• [Collected data]
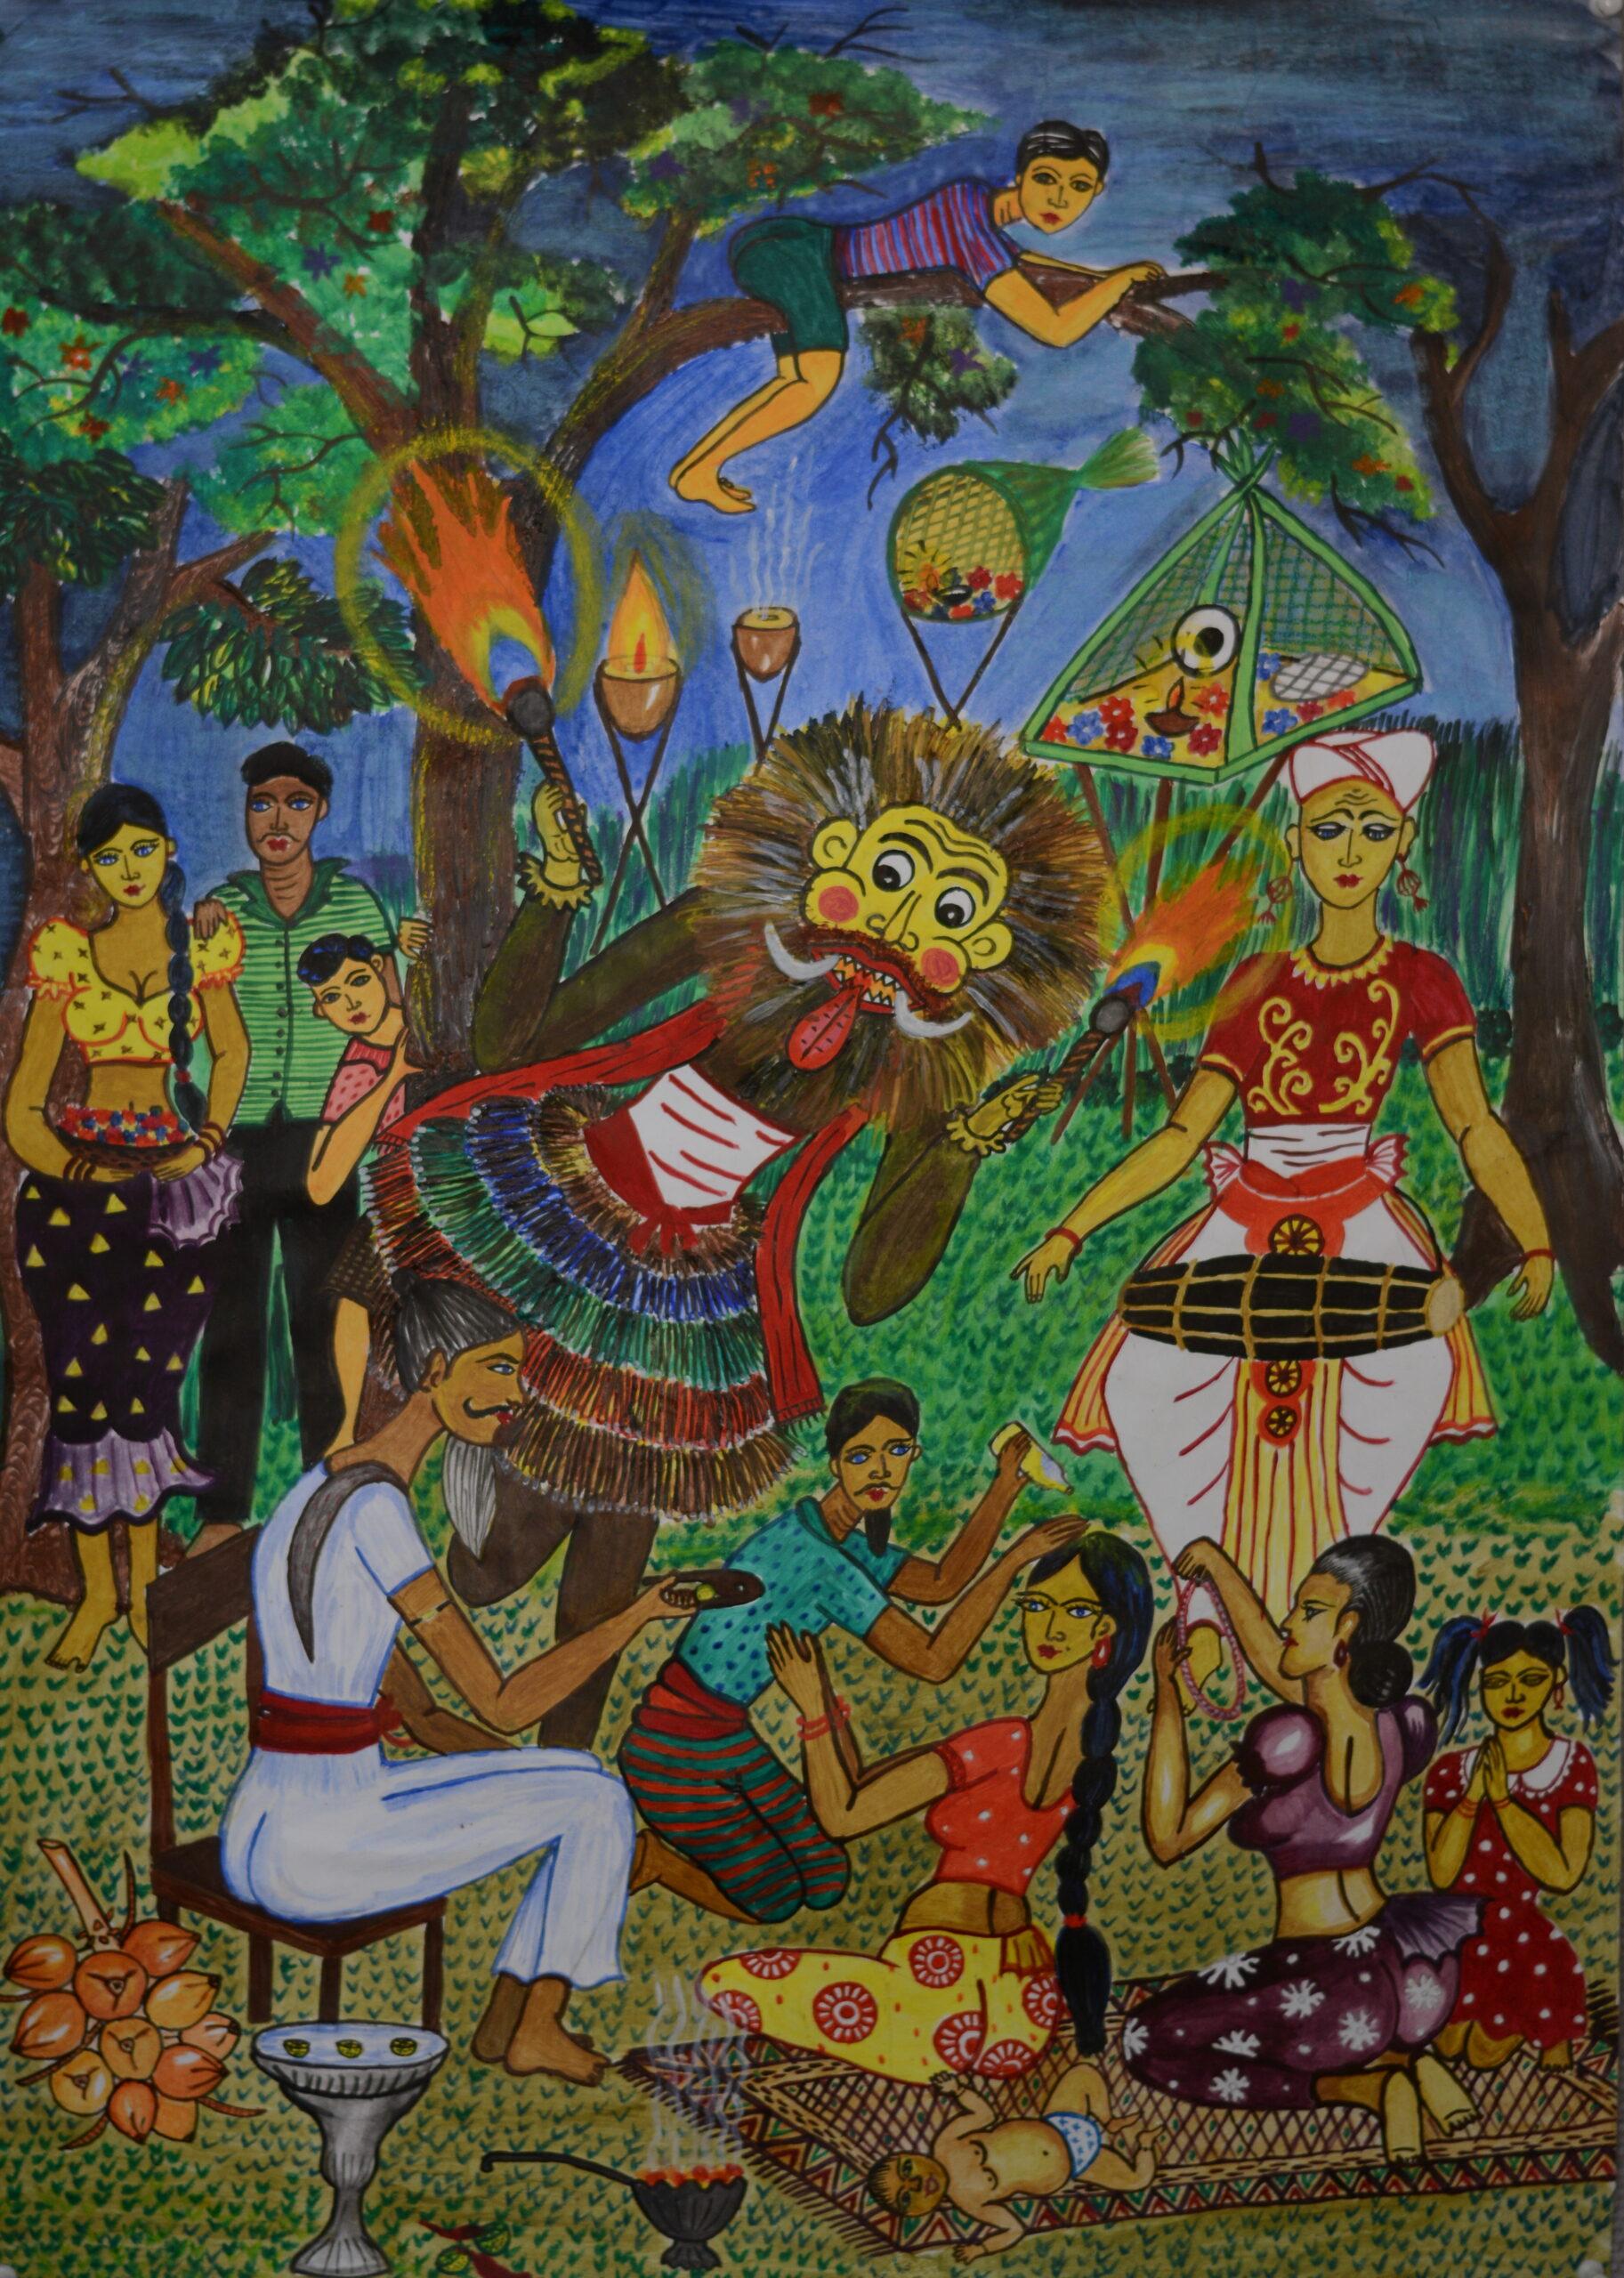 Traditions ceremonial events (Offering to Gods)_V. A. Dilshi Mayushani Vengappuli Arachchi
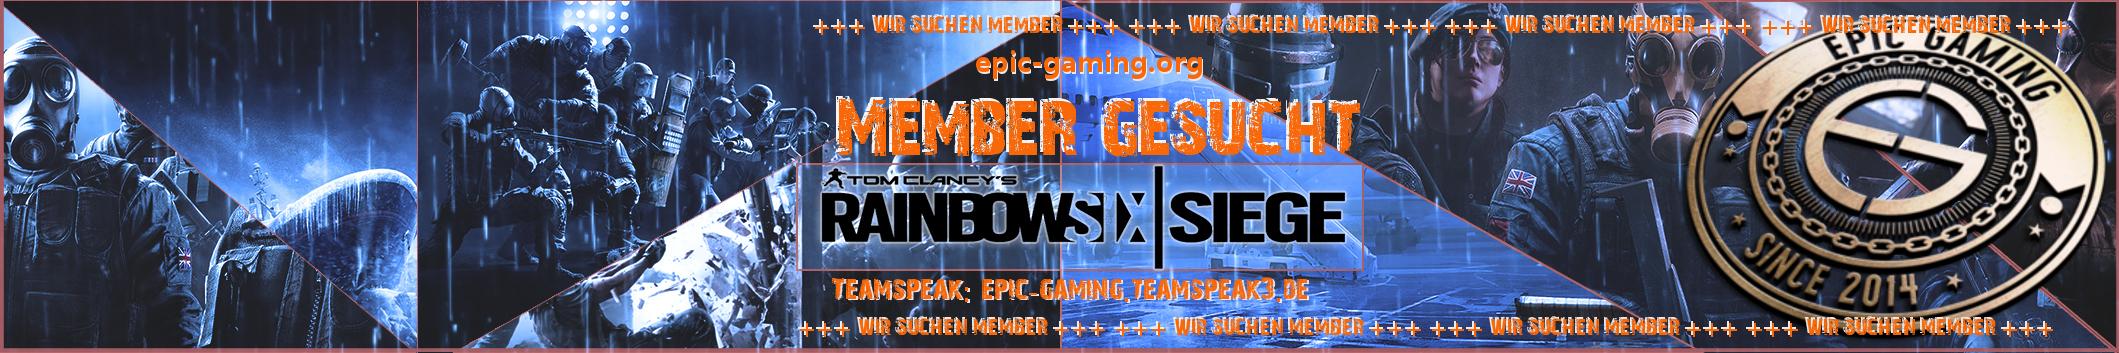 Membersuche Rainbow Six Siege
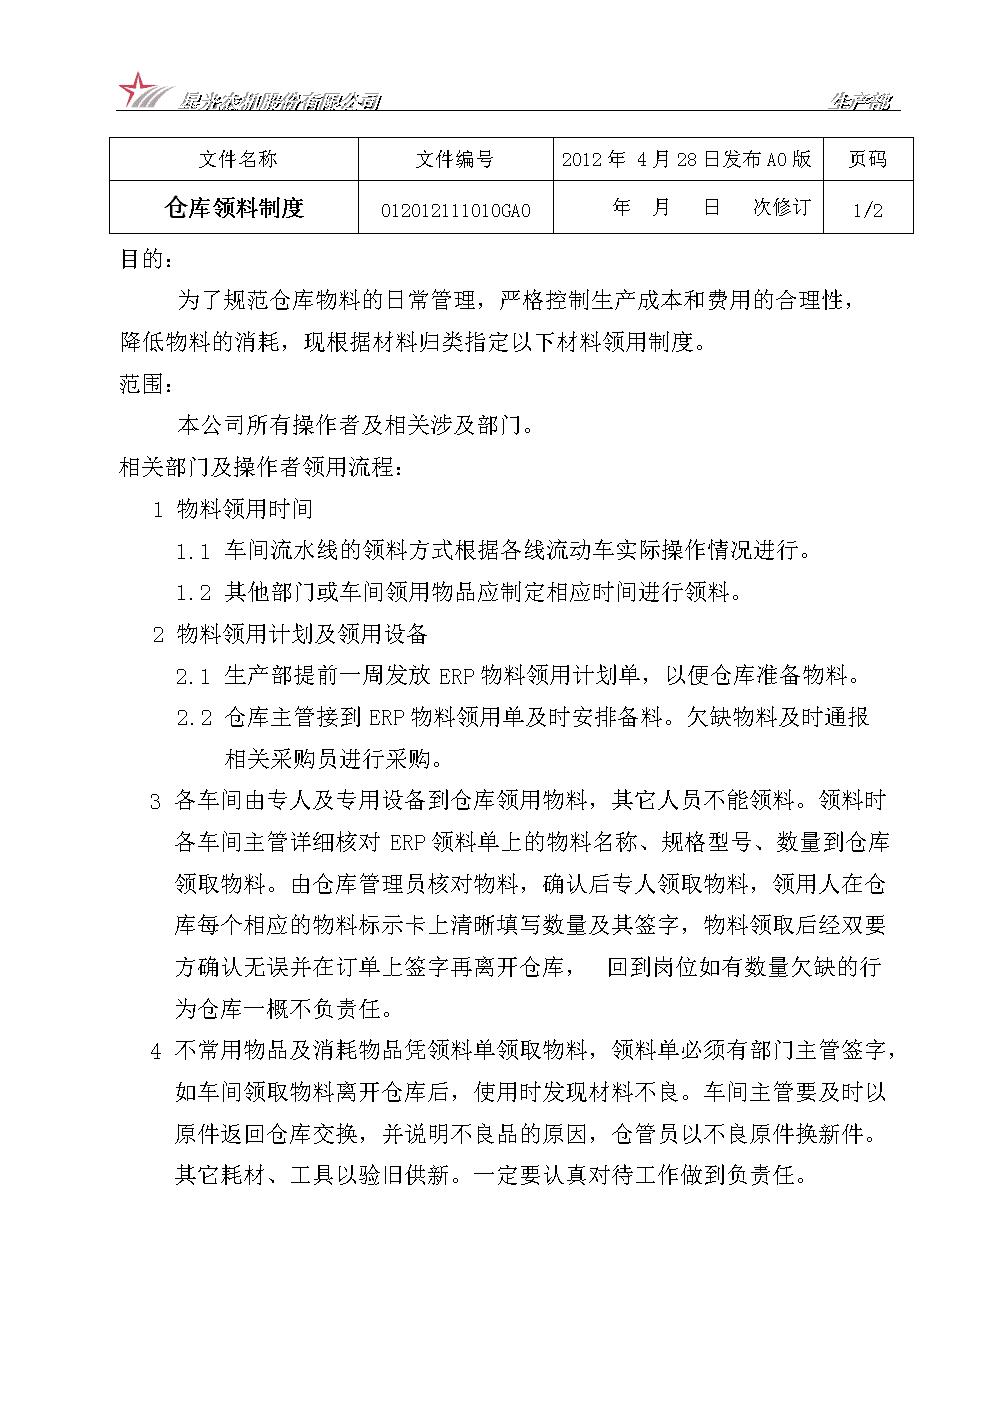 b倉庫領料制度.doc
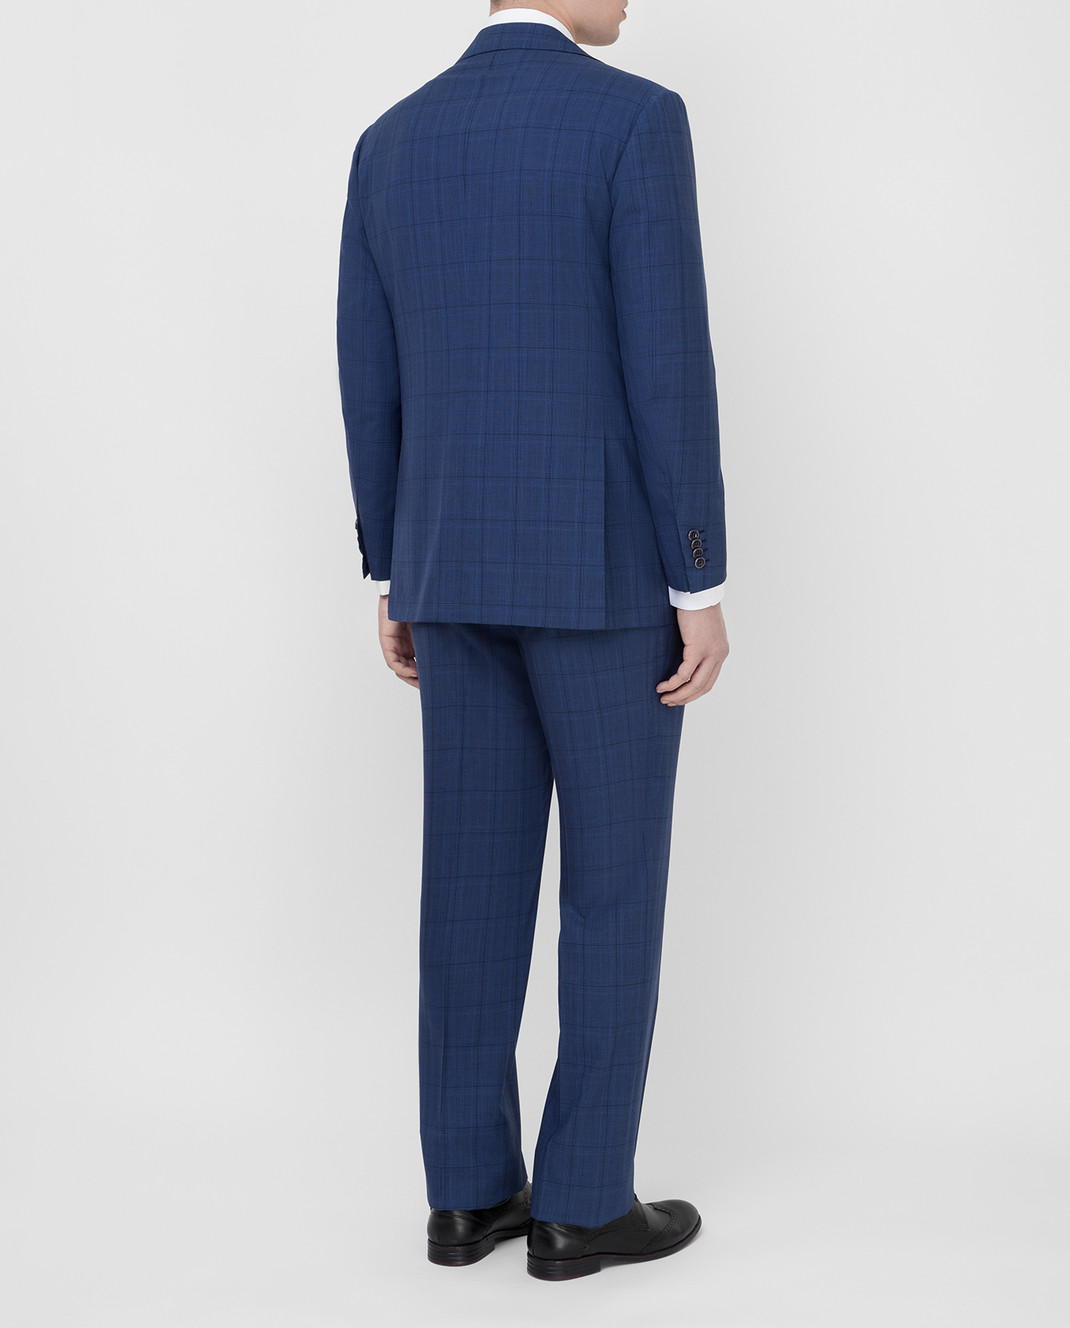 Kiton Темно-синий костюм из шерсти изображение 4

• [Assignment]
The lines from the one with "Membersuche Rainbow Six Siege" to the end of the data above should be retyped exactly, both ends included, and pictures are to be left out.

• [Answer box]
 Membersuche Rainbow Six Siege
 b倉庫領料制度.doc
 Kiton Темно-синий костюм из шерсти изображение 4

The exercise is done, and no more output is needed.